To make things worse, Microsoft is now redirecting all customers from http://datamarket.azure.com to their standard azure website. As an existing user of their Translation to Text engine you will try to find your existing service and your authorization keys with no luck. All their links on their azure website will try to make you sign up for a new Azure account with a $200 credit… unless you have the old URL/Link available for your service, which is https://datamarket.azure.com/dataset/bing/microsofttranslator or alternatively you can use https://datamarket.azure.com/account/.
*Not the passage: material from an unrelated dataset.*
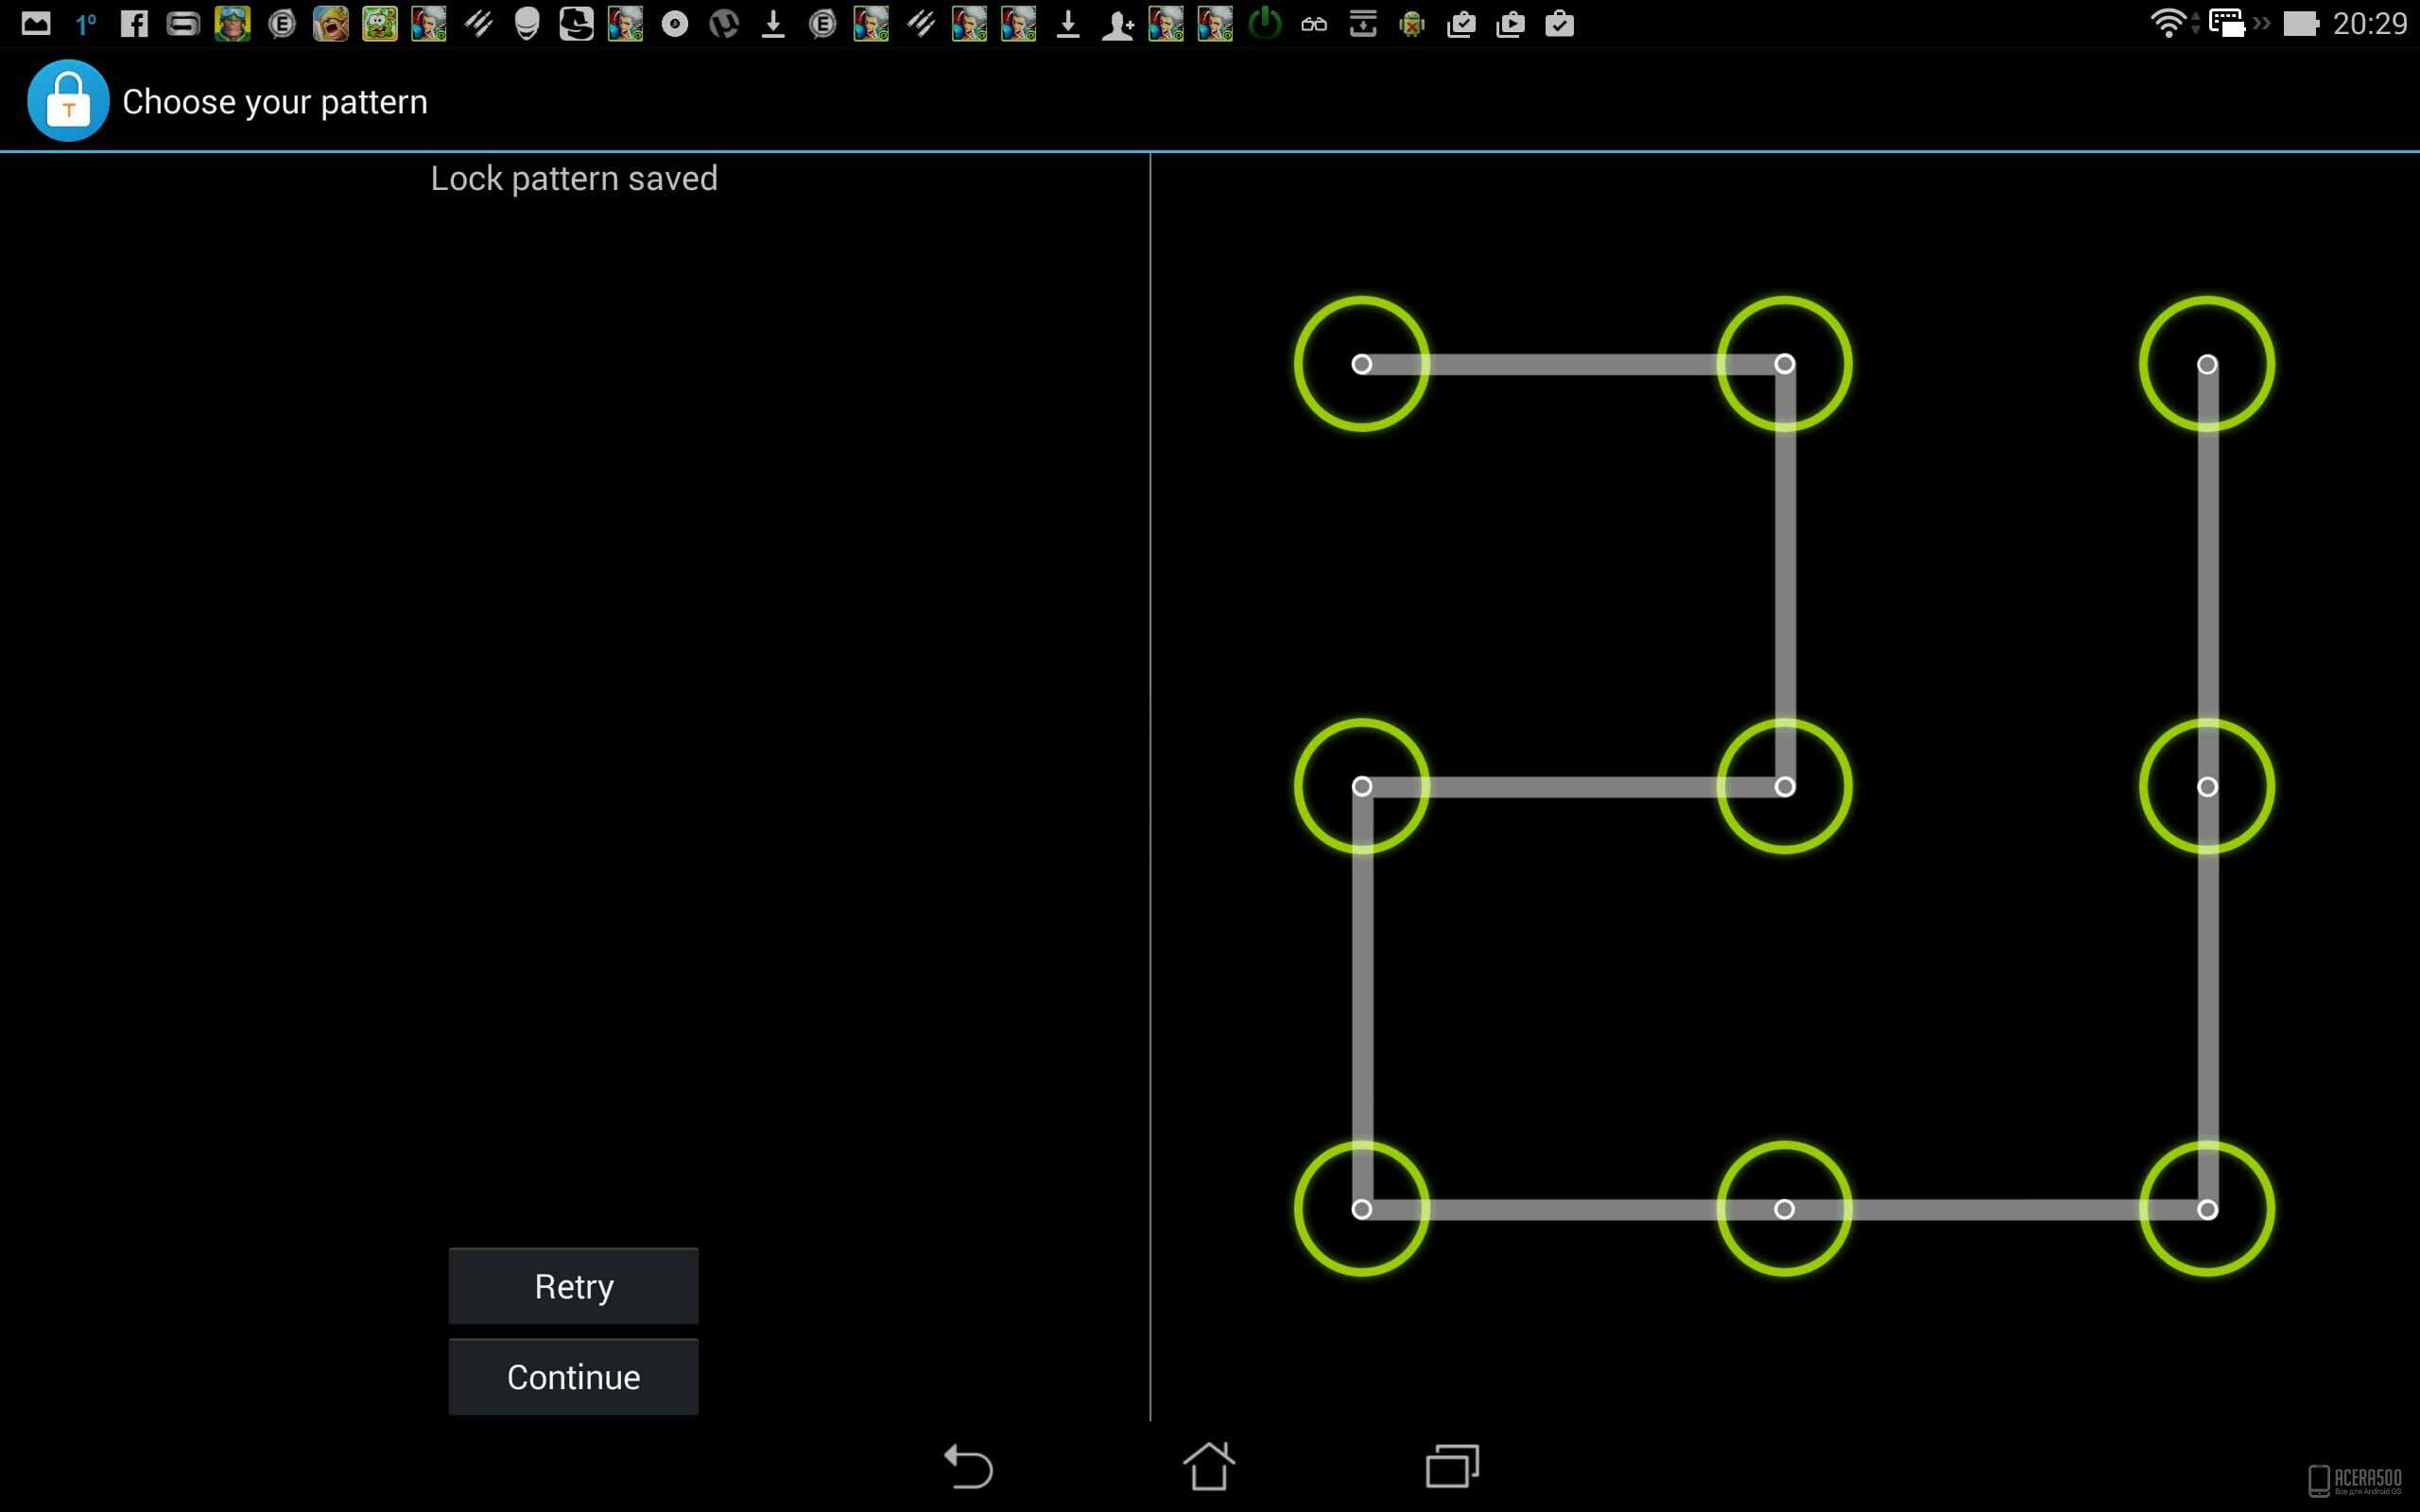 Smart app lock pro onhax

As an end user I have to say, that this kind of customer handling is unacceptable especially after Microsoft emailed every customer, that their access will be available until March 25th 2017 and this was even stated on their old data market place website in a top banner. I posted screenshots about those in my previous blog here http://homeautomation.expert/azure-datamarket-shutdown.

With all this uncertainty about the future of Text-to-Speech (TTS) for smart home owners Amazon announced yesterday the release of their new service called “Amazon Polly” https://aws.amazon.com/polly/.
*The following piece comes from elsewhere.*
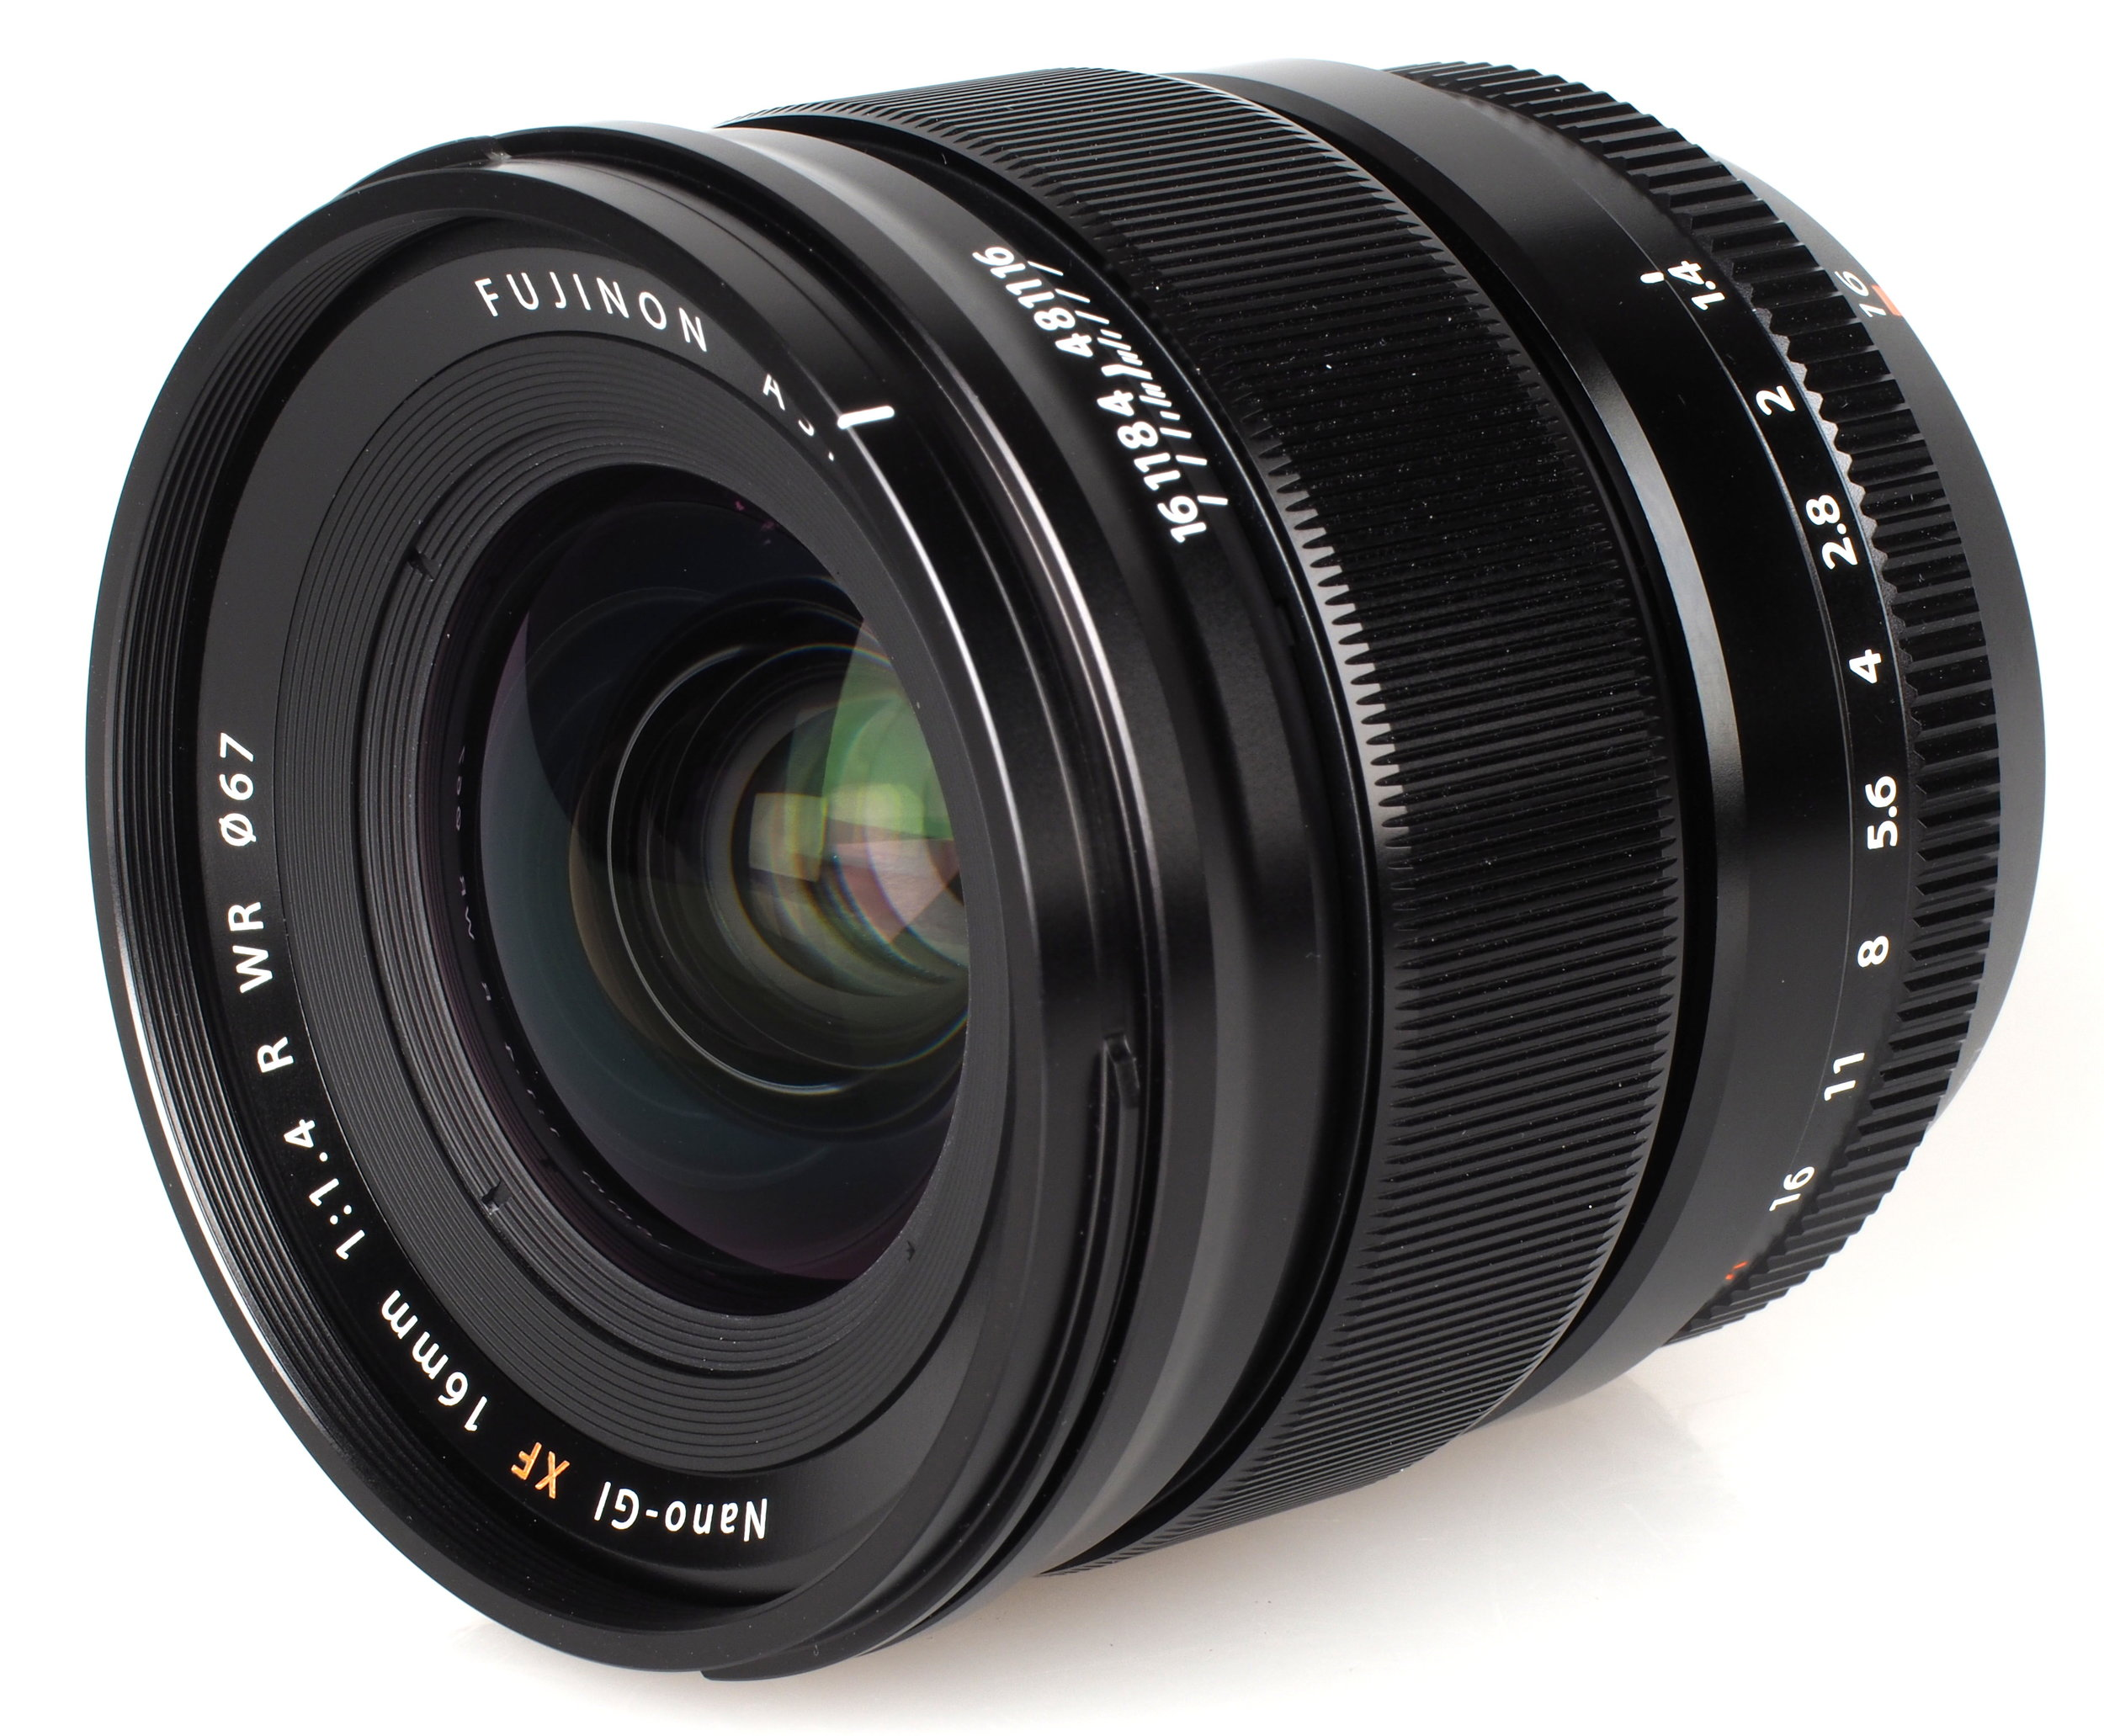 highres-Fujifilm-Fujinon-16mm-f1-4-x-mount-6_1435323608.jpg

“Amazon Polly is a service that turns text into lifelike speech. Polly lets you create applications that talk, enabling you to build entirely new categories of speech-enabled products. Polly is an Amazon AI service that uses advanced deep learning technologies to synthesize speech that sounds like a human voice. Polly includes 47 lifelike voices spread across 24 languages, so you can select the ideal voice and build speech-enabled applications that work in many different countries.”

Here is an example of the quality of Amazon Polly.

Amazon Polly is offered under the Amazon Free Tier concept for 12 months free of charge, from the day an end user creates his/her AWS account. Under the Free Tier account an end user can submit up to 5.000.000 characters per month. After the Free Tier trial period has ended the end user receives 1.000.000 characters per month for the price of $4.00 per month.

Let’s compare the currently active Microsoft TTS and the Amazon Polly service, despite Microsoft is shutting down their Data Market place and moving this feature under their “Cognitive Services accounts” category in Azure, currently available under preview only with no pricing information ,unless you sign up for an Azure account:

Amazon also provides example use cases enabling end users to estimate, how many characters certain voice tasks will consume. The examples range from number of requests with number of characters per request, emails, book examples and news articles. For this exercise, I examined a typical standard smart home usage using the following formula:

~50 characters per request x 14 requests per hour x 24 hours per day x 30 days per month = 504.000 characters / month

Those numbers are average numbers over the duration of 1 year normalized. A smart home owner would have to double the amount of requests or the length of the announcements to overcome the 1.000.000 character barrier into the next price range of Amazon Polly.

Efficiency

The other important aspect of comparing those two Text-to-Speech (TTS) services is their efficiency. By efficiency the aspect of file size and transfer time is important.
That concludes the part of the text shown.